Why not use Jeffreys priors?

Jeffreys priors are pleasing in that they deal with Fisher’s criticisms. They guarantee that we get the same results, regardless of choice of parametrization. They are also not very informative, meaning that the prior has little influence over the posterior, leaving that to the likelihood. This is also pleasing because it gives a sense of a lack of bias. However, there are still several reasons why not to use Jeffreys priors.

  1. They can be very difficult or impossible to derive for more complicated models.

  2. They can be improper. When they are improper, the prior is not encoding prior knowledge using probability, since the prior cannot be a probability of probability density.

  3. In the case of hierarchical models, which we will get to later in the term, use of Jeffreys priors can nefariously lead to improper posteriors! It is often difficult to discover that this is the case for a particular model without doing a very careful analysis.

  4. They still do not really encode prior knowledge anyway. We still have the problem of a kinesin motor traveling at faster than the speed of light.

Weakly informative priors

Remember, the prior probability distribution captures what we know about the parameter before we measure data.

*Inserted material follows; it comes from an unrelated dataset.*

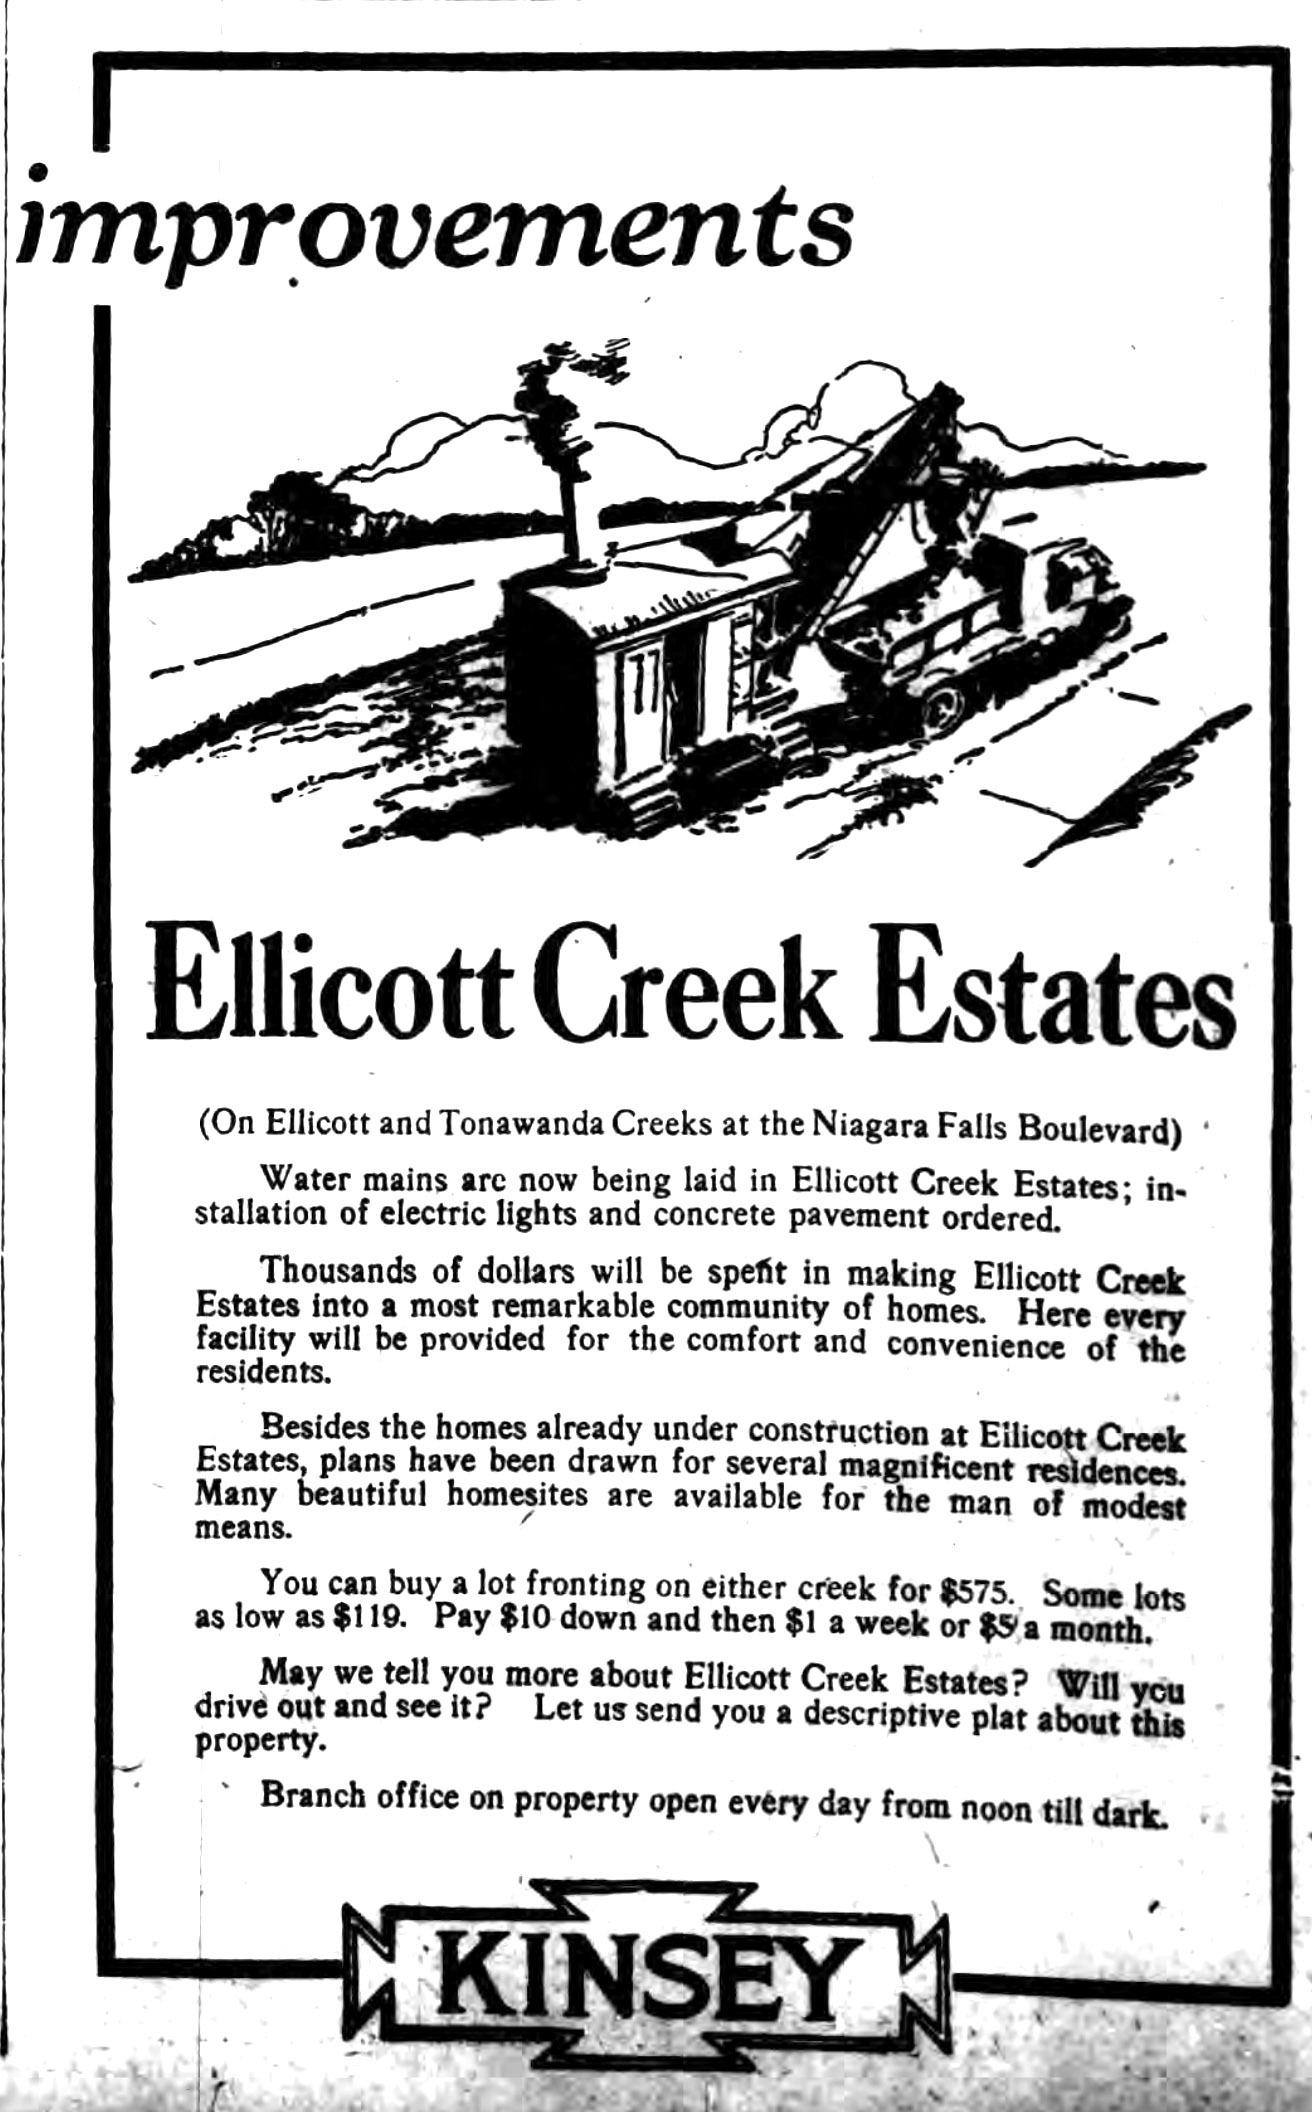 Ellicott Creek Estates, ad (Buffalo Courier, 1925-08-22).jpg

When coming up with a prior, I often like to sketch how I think the probability density or mass function of a parameter will look. This is directly encoding my prior knowledge using probability, which is what a prior is supposed to do by definition. When sketching the probability density function, though, I make sure that I draw the distribution broad enough that it covers all parameter values that are even somewhat reasonable. I limit its breadth to rule out absurd values, such as kinesis traveling faster than the speed of light. Such a prior is called a weakly informative prior.

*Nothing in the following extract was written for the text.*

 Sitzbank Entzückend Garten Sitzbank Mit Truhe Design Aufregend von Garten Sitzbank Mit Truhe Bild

To come up with the functional form, or better yet the name, of the prior distribution, I use the Distribution Explorer to find a distribution and parameter set that matches my sketch. If I have to choose between making the prior more peaked or broader, I opt for being broader. This is well-described in the useful Stan wiki on priors, which says, “the loss in precision by making the prior a bit too weak (compared to the true population distribution of parameters or the current expert state of knowledge) is less serious than the gain in robustness by including parts of parameter space that might be relevant.”

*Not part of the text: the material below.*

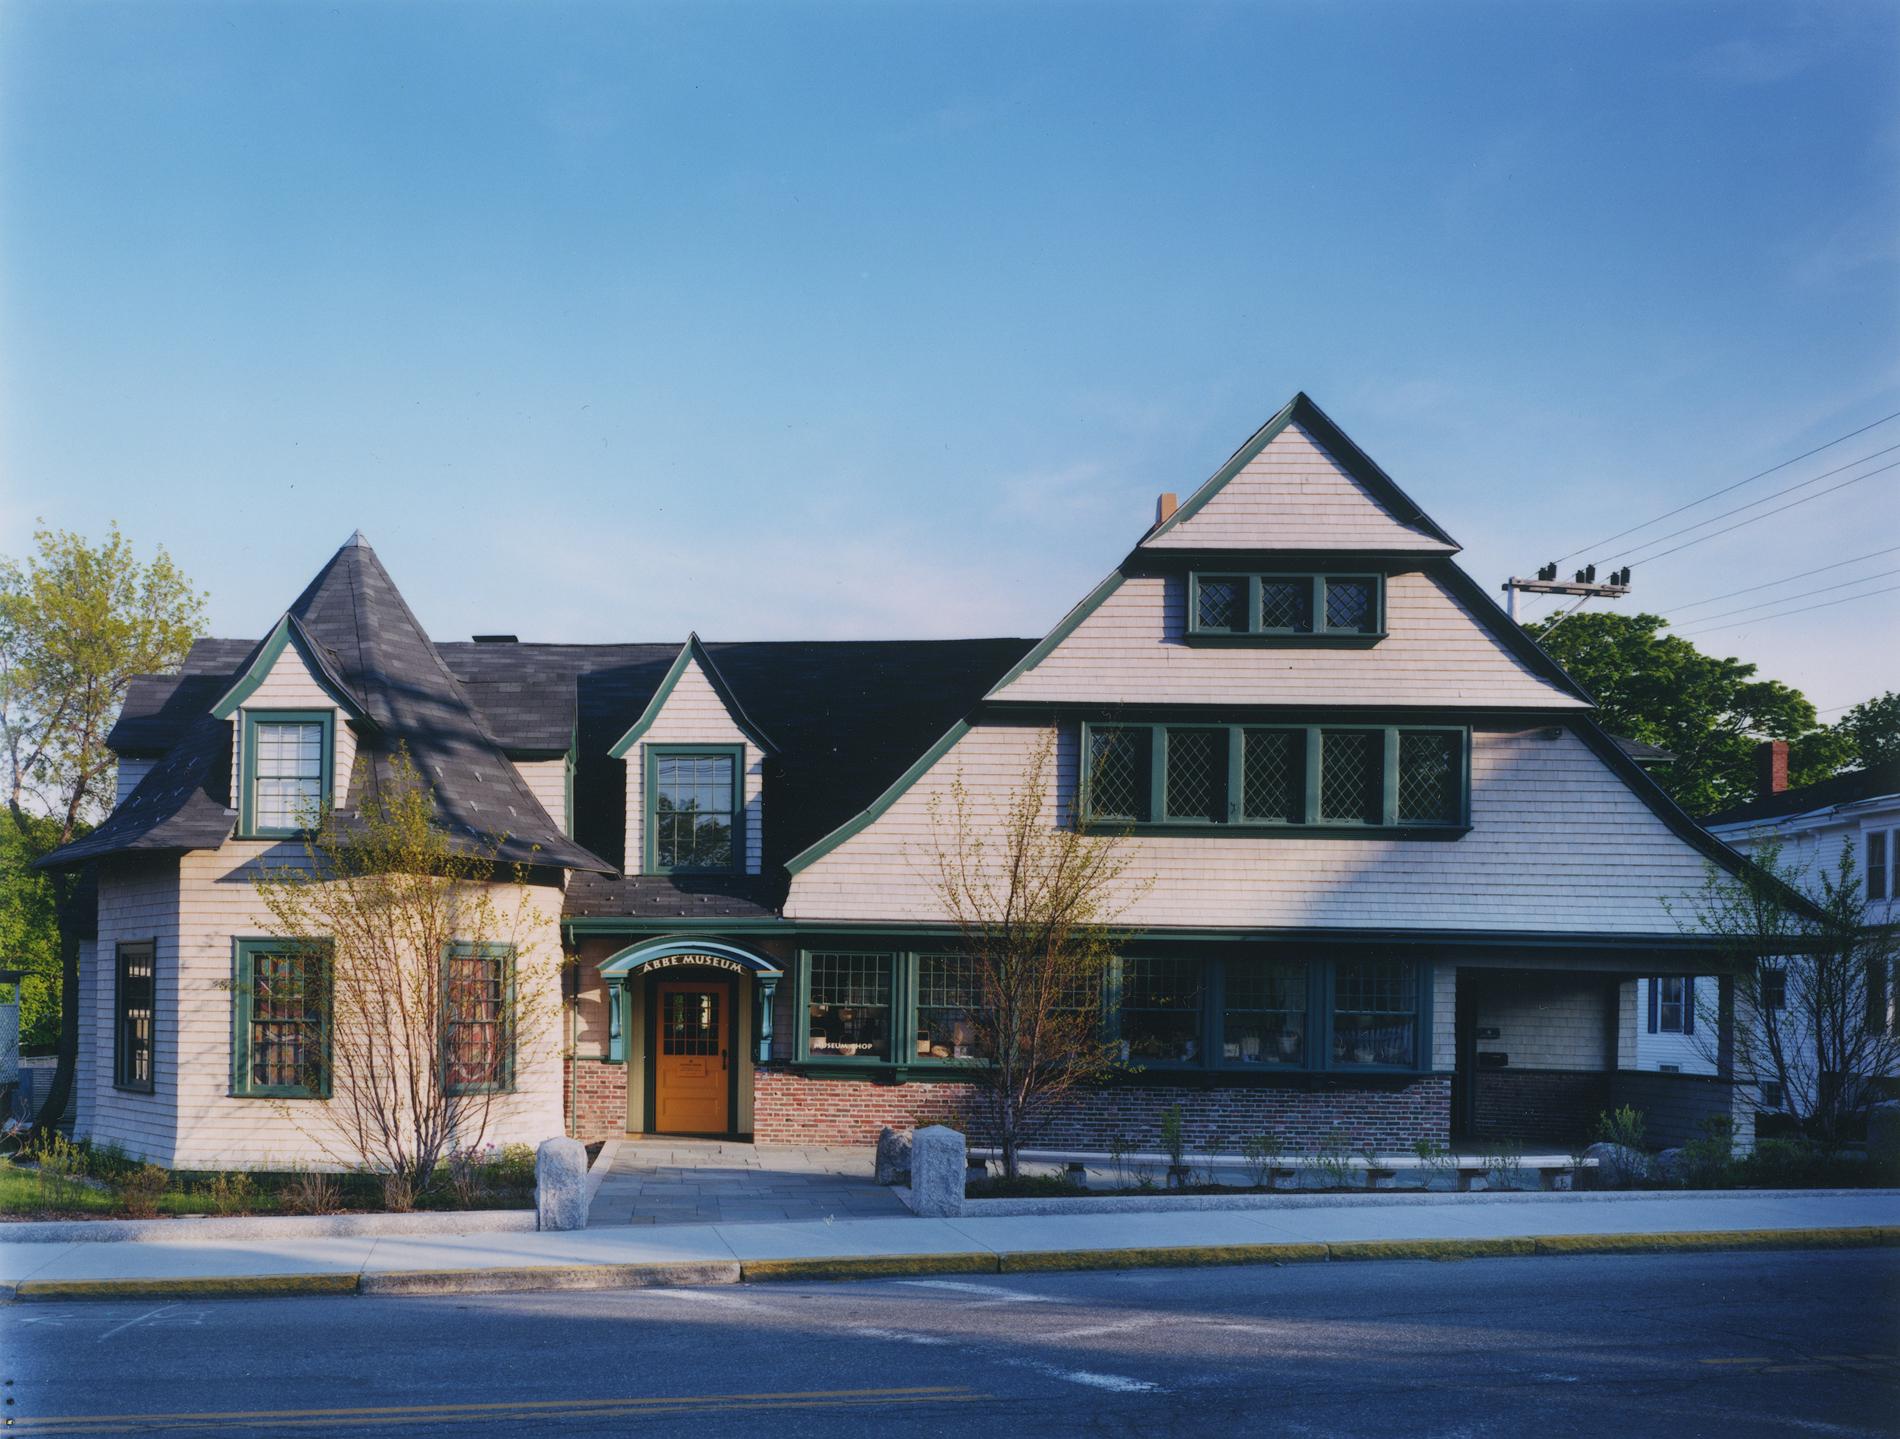 The restored shingle-style façade facing Mount Desert Street, a half block from downtown Bar Harbor's Village Green

I generally prefer to use weakly informative priors, mostly because they actually encode prior knowledge, separating the sublime from the ridiculous. In fact, we used weakly informative priors in the example of C. elegans egg lengths in the first part of this lecture. As we will see when we perform MCMC calculations, there are also practical advantages to using weakly informative priors. In general, there are practical considerations in prior choice that can affect second main task of Bayesian inference: making sense of the posterior. We will discuss these practical considerations when we start summarizing posteriors using Markov chain Monte Carlo.

Conjugate priors

We have discussed conjugate priors in the context of plotting posteriors. Conjugate priors are useful because we can make sense of the posterior analytically; the posterior and prior are the same distribution, differing by the updated parametrization in the posterior. If it is convenient to use a conjugate prior to encode prior information as we have described in our discussion of weakly informative priors, you can do so. There are two difficulties that make this convenience rare in practice.

  1. Only a few likelihoods have known conjugate priors. Even in cases where the conjugate is known, its probability density function can be a complicated function.

  2. As soon as a model grows in complexity beyond one or two parameters, and certainly into hierarchy, conjugate priors are simply not available.

Thus, conjugate priors, while conceptually pleasing and parametrizable into weakly informative priors, have limited practice use.